If the display of the objects of a particular concept must be improved, it is possible to do so. For that purpose, the display must be programmed in a function having the object and a boolean as arguments and printing a HTML page on the standard output. This function is tied to the base through an annotation (funhtml) attached to the concept. Thus, the instruction:

(tr-set-annotation (tr-find-concept "house") "funhtml" #'my-print-house)

tells the system that the instances of house have to be displayed through the function my-print-house instead of the standard procedure.
This function can be used in order to generate the page depending on the object which can be manipulated through the TROEPS API. For instance, it is possible to embed in the page URLs which are built from the content of the knowledge base but correspond to queries to remote resources (such as a site providing e-mails of individuals).
Modifying object pages also allows to embed applets into the display since from the object, all the data necessary for passing as applet parameters are available. The call to the applet can be used in order to show some features of the object through specialised editors (e.g. a graph editor) which will run on the client side.

Adding functions

The TROEPS HTTP server uses a set of URL in order to identify objects and the operations on these objects (e.g. editing, classifying). It is however possible to extend the set of URL understood by the server and to provide the functions which correspond to these URL.
The advantage of that technique is that the functions are called in the TROEPS environment and thus it can access the knowledge base through the TROEPS API and compute the result or even modify the knowledge base.
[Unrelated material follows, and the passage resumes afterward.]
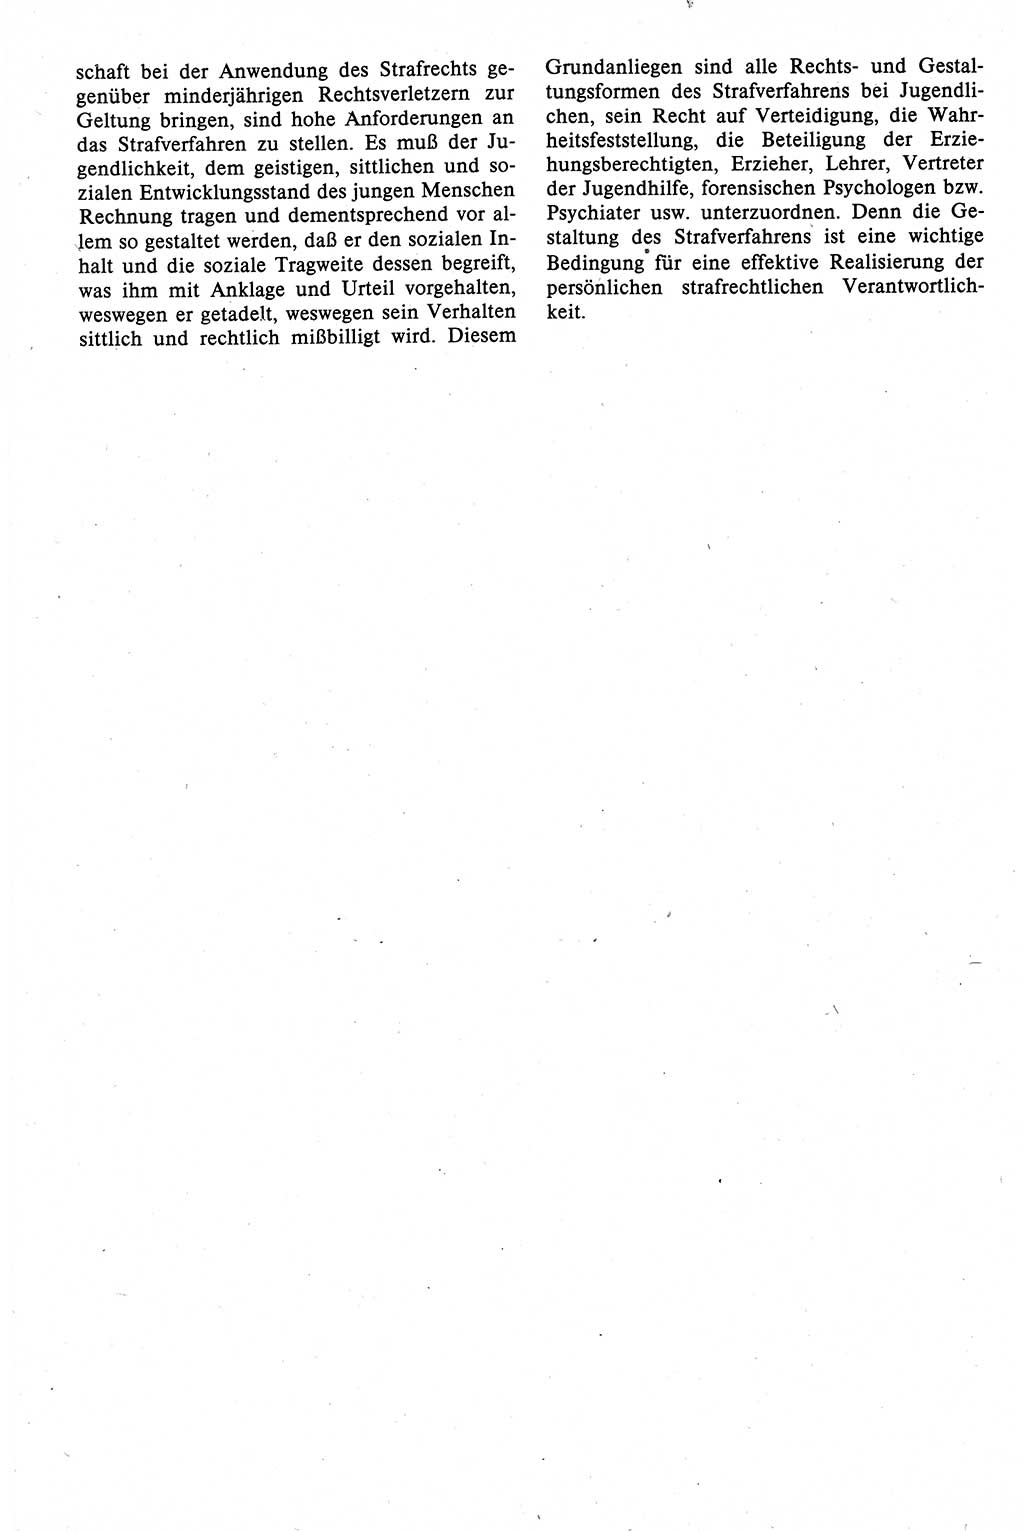 Strafrecht der DDR (Deutsche Demokratische Republik), Lehrbuch 1988, Seite 382 (Strafr. DDR Lb. 1988, S. 382)

It is possible to build a complete set of pages on that model (and the TROEPS editor was first build that way).
In order to do so, the manage-url-hook-names dynamic variable contains a list of names of functions to apply when the URL is not recognised by the regular server. Each function will be called with the URL remaining after hytropes as argument and must return an integer (0 if the URL has not been recognised and something else otherwise). Typically these hooks will first recognise their own keyword after hytropes/.
The input can be decoded with the help of a few functions provided by TROEPS:
troeps.http.urldecode: decode the URL between two positions;
troeps.http.file-object: transforms a piece of this URL into the corresponding TROEPS object.
The behaviour of the function must be to print HTML data on standard output. If manage-url-hook-name is empty, or if each function returns 0, the nrk-reply function is called notifying the non recognition through HTTP.

Example

As an example, here is a typical htrp-config.t file illustrating all the features presented above:

;;; This is the configuration file for a Troeps server
;;; ==============================================================

;;; Required information

(setf (global *dir-prefix*) "")
(setf (global *edit-p*) t)

;;; ==============================================================
;;; Initialising

(tr-init)
(setf (languages) '(french english))

;;; ==============================================================
;;; Loading sample base

;;; loading the knowledge base
(tr-load-base #f"real-estate.bdf")

;;; ==============================================================
;;; Adding HTML page annotations

(tr-set-annotation (tr-current-base) "prehtml" #f"real-estate.html")
(tr-set-annotation (tr-object (tr-concept "house") '("rue Monge" 2 3)
  #f"house/rue-monge-2-3.html")

;;; ==============================================================
;;; loading additional talk functions

(load-file #f"real-estate.t")

;;; initialisation of these functions
;;; (like computing a map of the area from Troeps structures)

(re-init)

;;; ==============================================================
;;; special printing function for displaying the instances of concept person

(defun re-display-person (object edit)
	;; re-use the usual description
	(troeps.http.print-html-description object edit)
	;; Add an inlined button for fetching the e-mail of the person
	(printf "<LI><FORM METHOD=POST\n")
		(printf "ACTION=\"http://www.four11.com/cgi-bin/SledMain?")
 		(printf "FS,234,2,377FB00,3F70FA11\">\n")
		(printf "  <INPUT TYPE=hidden NAME=\"FirstName\" VALUE=\"%s\">\n"
			(tr-get-value object "firstname"))
		(printf "  <INPUT TYPE=hidden NAME=\"LastName\" VALUE=\"%s\">\n"
			(tr-get-value object "name"))
		(printf "  <INPUT TYPE=submit NAME=\"Search\" VALUE=\"Find email\">\n")
		(printf "</FORM></UL>\n")
	;; Add an Applet (using the Troeps tree display applet)
   (printf "<APPLET CODE=\"TreeDisplayApplet.class\"\n")
   (printf "        CODEBASE=\"%s\"\n" (global *url-java*))
   (printf "        ARCHIVE=\"troeps-classes.zip\"\n")
   (printf "        WIDTH=600 HEIGHT=500>\n"))
     ;; Get the parameters: the set of houses owned by the person
     (printf "  <PARAM NAME=tree VALUE=\"(%s" (tr-get-value object "firstname"))
     (for ((h in: (tr-get-value object "houses")))
       (printf " (%s)" (tr-get-value object "address")))
	  (printf ")\">\n")))
  (printf "</APPLET>\n")
  ;; Add buttons for calling other pages (printing picture)
  (troeps.http.display-button
     (catenate *url-prefix* "/re/print-picture" (troeps.http.refname object))
     "Afficher doc")
)

;;; ==============================================================
;;; Adding display annotations (after the definition of functions)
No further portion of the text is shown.